I can't blame the hormones anymore, I just feel generally bad. Actually I think I'm just about to start crying because I got this bottled up anxiety and I feel very alone.
Oh and I don't have the energy to take a shower or do the dishes or book the laundry machine... I think I ran out of clean underwear, which no one probably wants to hear but I think that underlines the state of lethargy that I'm experiencing.

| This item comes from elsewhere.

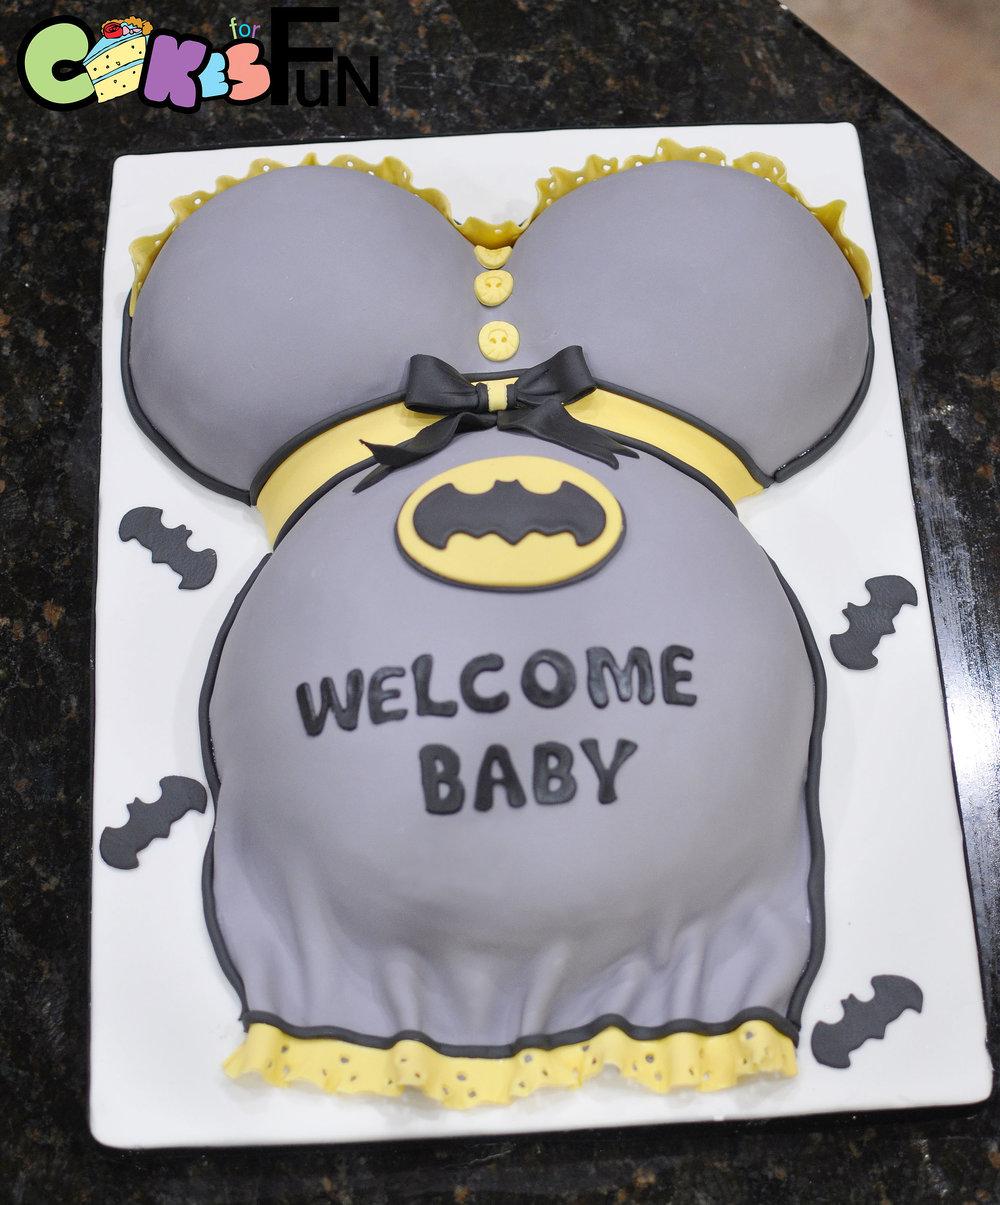 batman baby bump-hukill-02-10-18-2.jpg
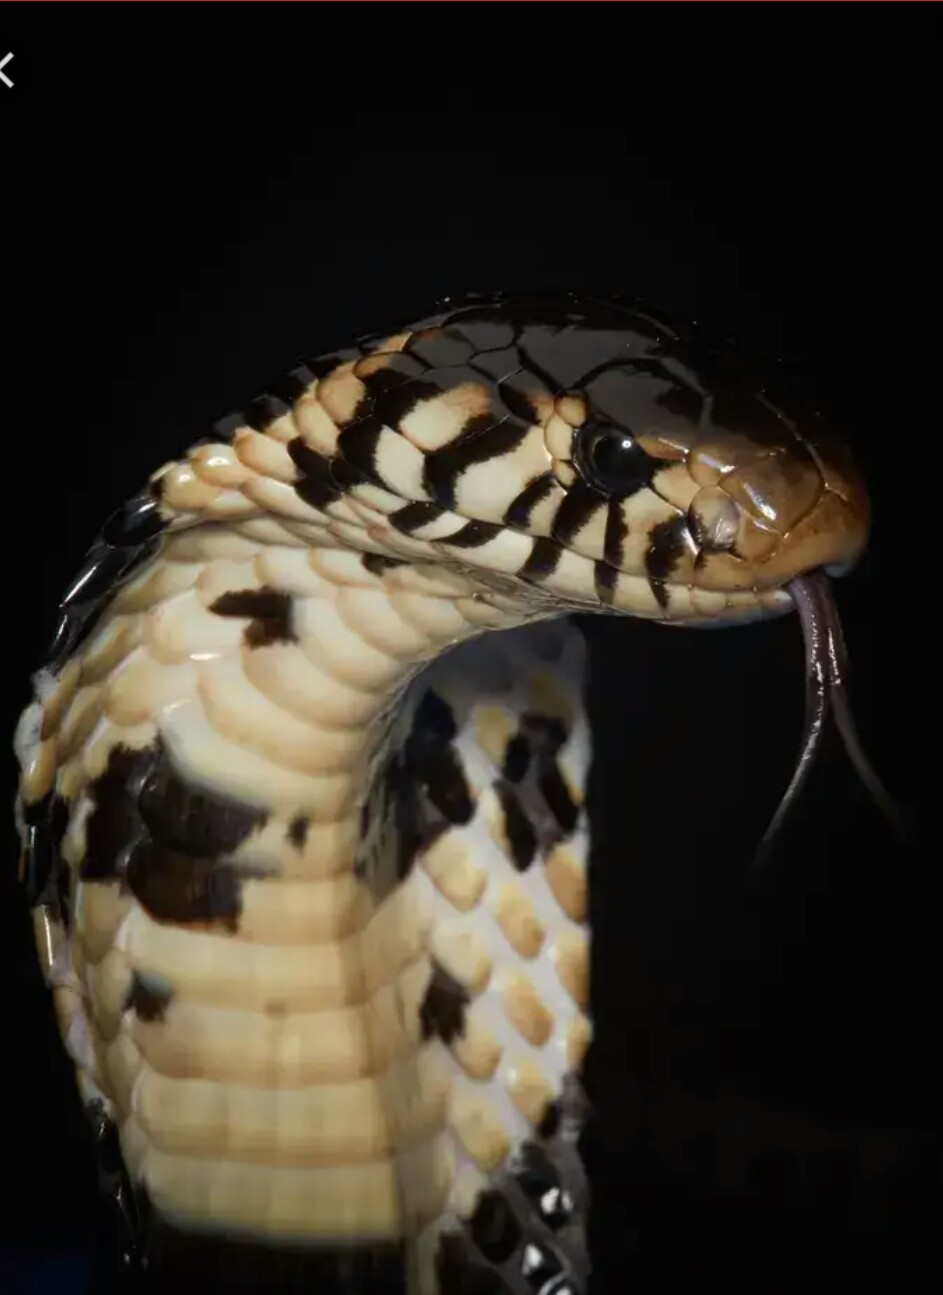 https://www.google.com/url?q=https://www.theguardian.com/global-development/2019/sep/09/how-snakebites-became-an-invisible-health-crisis-in-congo&sa=U&ved=0ahUKEwj5zNTJp5TtAhWB66QKHTkqD1o4ZBCviQMIKQ&usg=AOvVaw3YiUrGTGiQWX6VQWTr8Sda

I eat a lot of chips but nowadays it makes me think of vomit. A couple of times I've puked on purpose after eating chips because eating greasy stuff makes me feel bad. Physically bad, I don't care about gaining weight. Last time I went to the scale I was surprised because I haven't been this light in years. If it goes any lower then it will start to be alarming. In fact I am a bit alarmed already. But my shrink doesn't think I have an eating disorder, then again she didn't know how thin I was because I wear baggy clothes. We went clothes shopping last Thursday and she was honestly surprised. She said I should show my body... but I feel like hiding. I sit here in my cave and I feel awful. So yeah, I suppose someone will soon come to say that I shouldn't post things like this in public, but I need to vent.
Last edited by SekoETC on Fri Apr 25, 2008 7:50 pm, edited 1 time in total.